Тьма рассеялась окончательно спустя почти два года, когда он пришел в себя и не сразу смог открыть глаза: невероятная, ярко-красная боль рвала его голову словно хищным клювом, горизонтально распластанное тело терзала мучительная железная вибрация – но оттуда, из этой невыносимой красноты и тряски, не доносилось ни одного звука. Бетховен бесконечно долго открывал глаза, как Вий, боролся с каменными веками – пока, наконец, удалось приподнять их и удержать ненадолго… Тогда он понял, кто он сейчас: груз-триста в вонючей раскаленной вертушке, а рядом, безмолвный и неподвижный, лежит другой такой же «трехсотый». Мало того, за те несколько секунд, что смотрел в полумрак, Бетховен даже успел углядеть светлый, почти что белый чуб, единственный дембельский чуб такого цвета в их взводе, с которым сразу ассоциировались ультрамариново-синие на тонком смуглом лице бедовые глазищи… Теперь он торчал в своей странно нетронутой, как снег на вершине горы, первозданности над багровой, без единого белого островка, коркой присохшего бинта, сплошь покрывавшей лицо его земляка-питерца, взятого в армию тоже со второго курса – но только из Академии Художеств. С ним Бетховену во взводе скорешиться не пришлось – даром, что зёмы, да как-то не приглянулись друг другу с самого начала – но и до неприязни не дошло: с симпатией вспомнилось вдруг, даже сквозь боль, как лихо, едва ли не одним замысловато-изгибистым движением, тот вдруг стряхивал с карандаша на листок чей-то точный и законченный образ в нескольких линиях… Особо запомнились добрый губастый урюк Узукбай, и норовистый горбоносый джигит Аслан, и пучеглазый мясистый бульбаш по прозвищу Картошка… И в духаны, когда выпадало, парень этот носился не за ходовыми видеокассетами с порнухой или блестящими тенями для капризной бабы из медсанчасти, а все норовил выпросить у духанщика особенные какие-то авторучки, рисовавшие, будто тушью, цветной и черной, да пачку бумаги, вроде альбомной… Тогда, в вертушке, художник не стонал и не двигался: то ли в глубокой отключке лежал, то ли смилосердствовался санинструктор, вкатил промедолу…

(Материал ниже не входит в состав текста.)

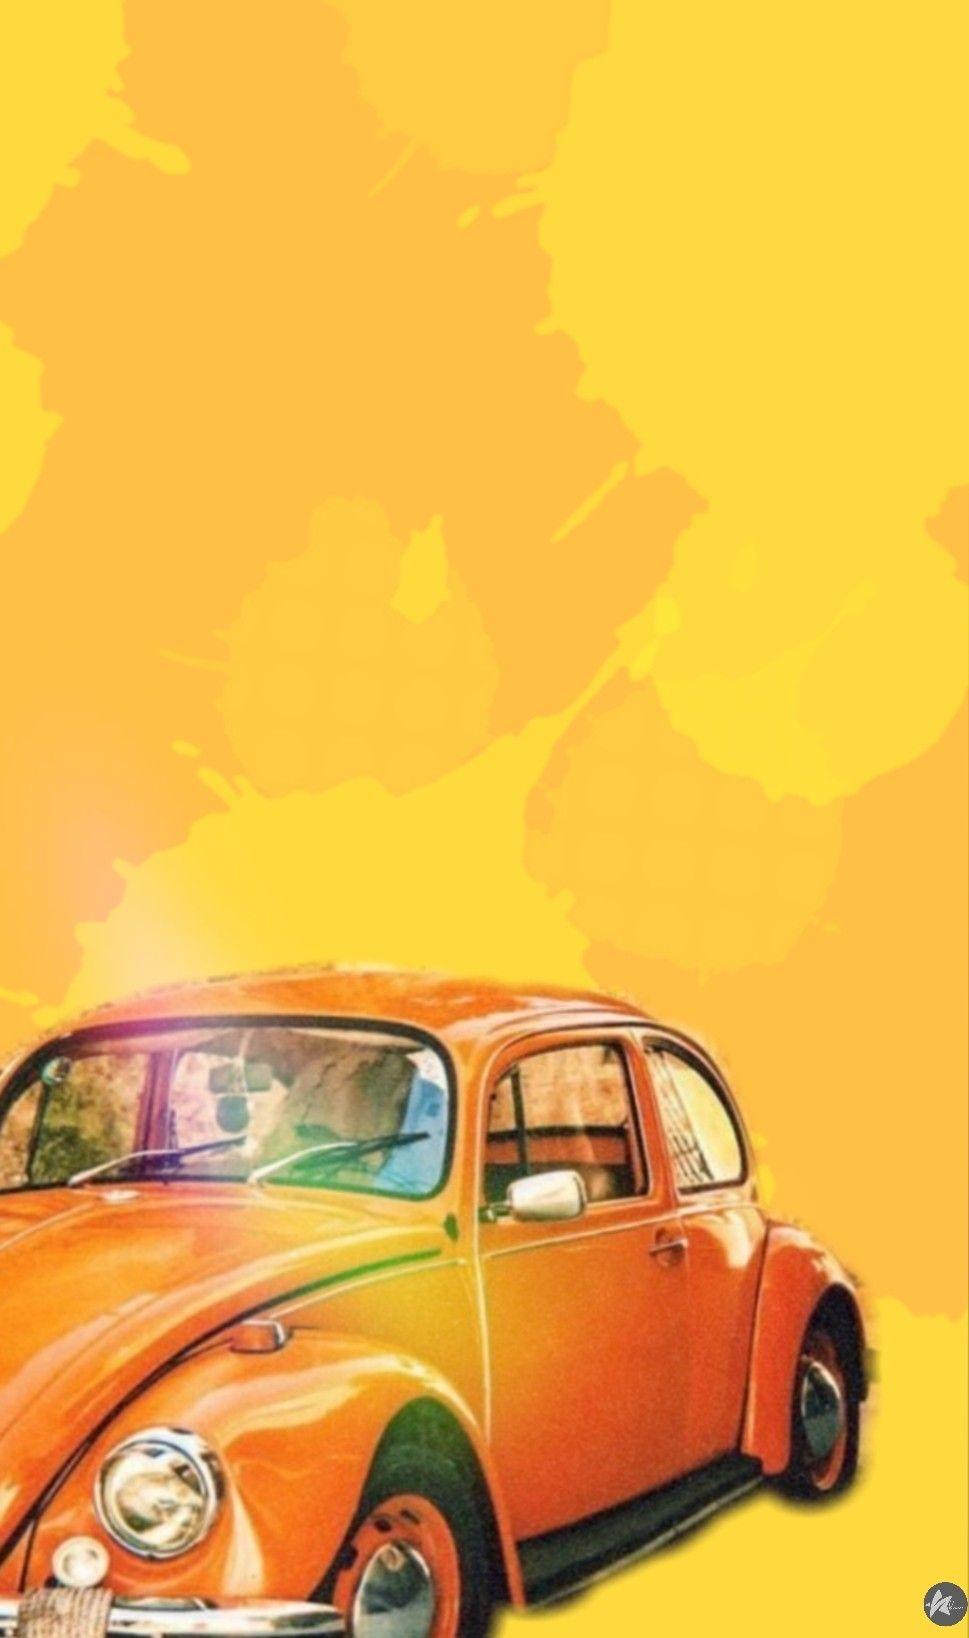 Beetle Car Wallpaper Background Wallpaper Backgrounds Car Iphone Wallpaper Wallpaper Iphone Cute

Теперь, двадцать четыре года спустя, обладатель все такого же светлого чуба, в котором, правда, может, и седины уж было больше, чем природного льняного цвета, вставал поздно, но Бетховену всегда бывал рад – даже спозаранку. Улыбнулся, открыв дверь – хотя улыбка его теперешний лик украсить, конечно, не могла. Бетховен думал как-то подготовить парня сначала – все ж не каждый день приходилось им вспоминать о том существе из давнего прошлого, которого звали они не иначе, как Мразем – вот именно так: в женском роде, но с мужским склонением. Но понял, что подготовить не получится: удивительная весть сама так и рвется наружу, да и кореш его, небось, не красная девка – в обморок не свалится. И, хотя, как и сам Бетховен, на весть эту он тоже никогда особо не надеялся, но все равно ревниво ждал ее втайне. Ждал с того самого дня.
– Он здесь, – сказал Бетховен. – Я нашел его, Нельсон.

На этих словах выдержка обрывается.